Closer to the (largely) silent tradition was The Waterloo Bridge Handicap, possibly unique among these films in that its subject matter was resolutely middle-class - various commuters (Leonard Rossiter, Lynda Bellingham) rushing to catch a train, narrated Haydock Park style by Brough Scott. Sadly, the 'auteur' behind this one - one Ross Cramer - was hardly in the Sykes league, being more at home helming wonders like Eddie Kidd biopic Riding High. The Park was a retread of visual gags that had gone before (especially in The Sandwich Man), with a few token gestures to modernity such as Derek Griffiths' park keeper growing marijuana in his shed. 1980's Balham: Gateway to the South was even less original, consisting as it did of an old Muir/Nordern LP sketch originally performed by Peter Sellers, here with David de Keyser reading out the cod-Whickerian monologue while Robbie Coltrane played the benighted borough's inhabitants. Entertaining enough, but as the need for these programme fillers in the cinema waned, so, it seems, did the inspiration behind them.

With the notable exception of Sykes, of course, whose love for arcane slapstick reasserted itself towards the end of the '70s, first with a remake of The Plank for ITV with Arthur Lowe in the Cooper role (no pale retread - we prefer the original but many plump for the latter) and then with Rhubarb Rhubarb, a lightning-struck tale of golfers and God-botherers, played out with the tidy conceit of having all dialogue consist entirely of the background extra cliche of the title. He followed this with a TV version of It's Your Move, then Mr H is Late, in which the McGuffin was, of course, a coffin. As late as 1993, Sykes turned in what must be his last B(L)SH-HCS, the sporadically amusing The Big Freeze, but he was working from a different era. The cinema bills no longer featured such appetisers, and slapstick was now regarded as the exclusive domain of a few children's entertainers.
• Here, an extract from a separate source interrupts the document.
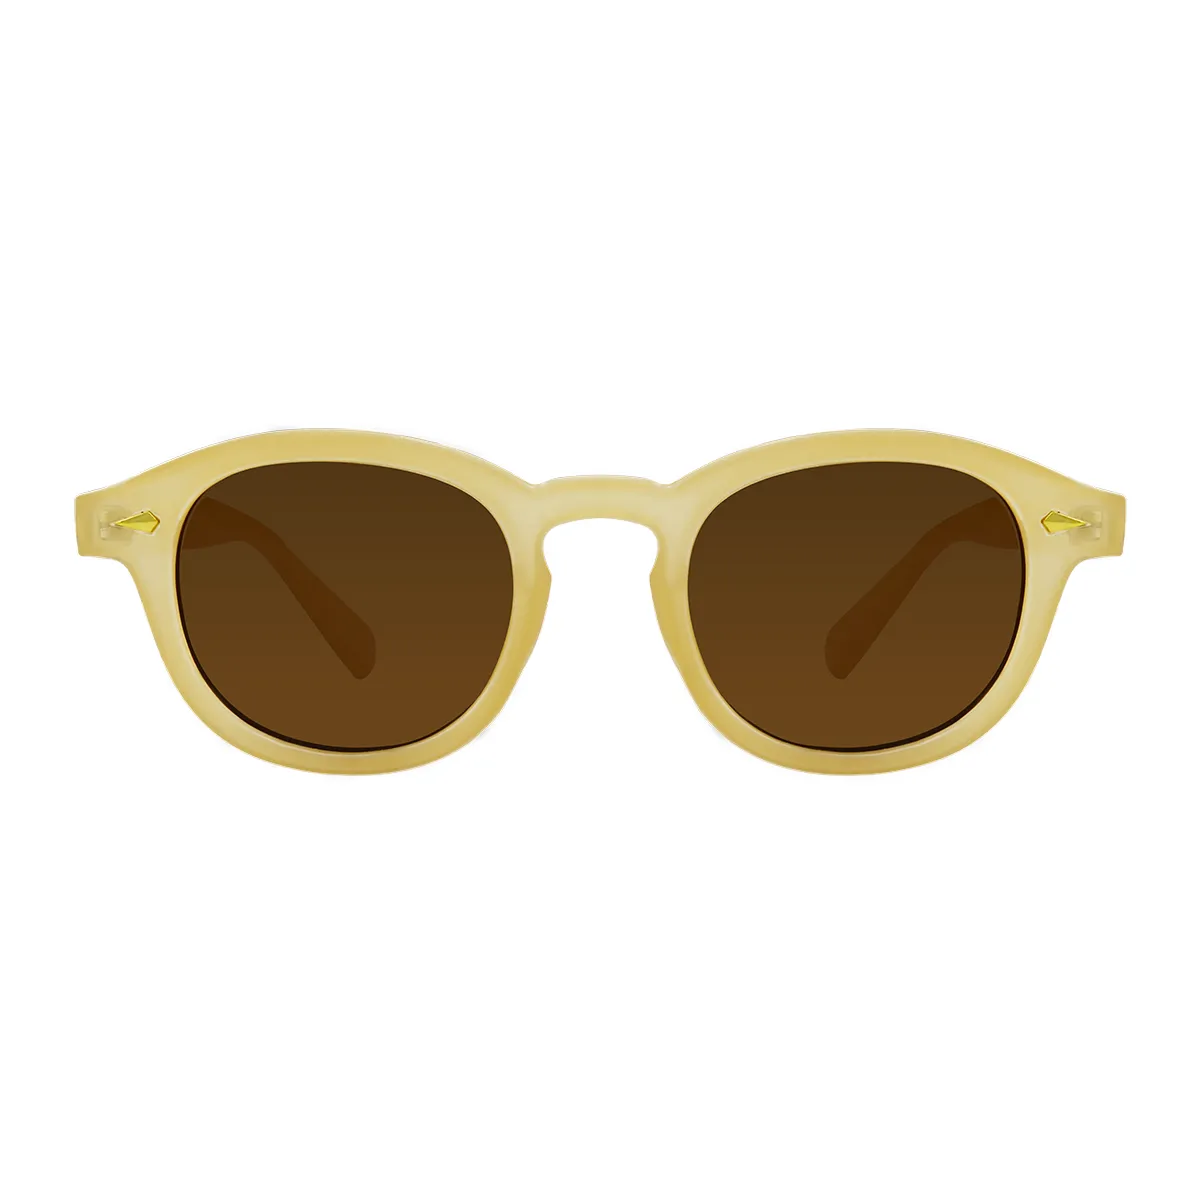 Neutral - glasses Off-white Sunglasses for Men & Women

If we were going to get all cod-sociological about it, we might add that the defining characteristic of most of these films, the whimsical optimism of the working class 'little man' in the face of endless adversity, isn't something that would play that well in our cynical age. But that's not really the case. The Plank and Simon Simon - if perhaps not enough of their fellow shorts - are repeated on telly regularly to this day, and still come up as fresh as wet paint on a bench from which the warning sign has just blown off. Watch where you sit, Woman With Shopping Basket!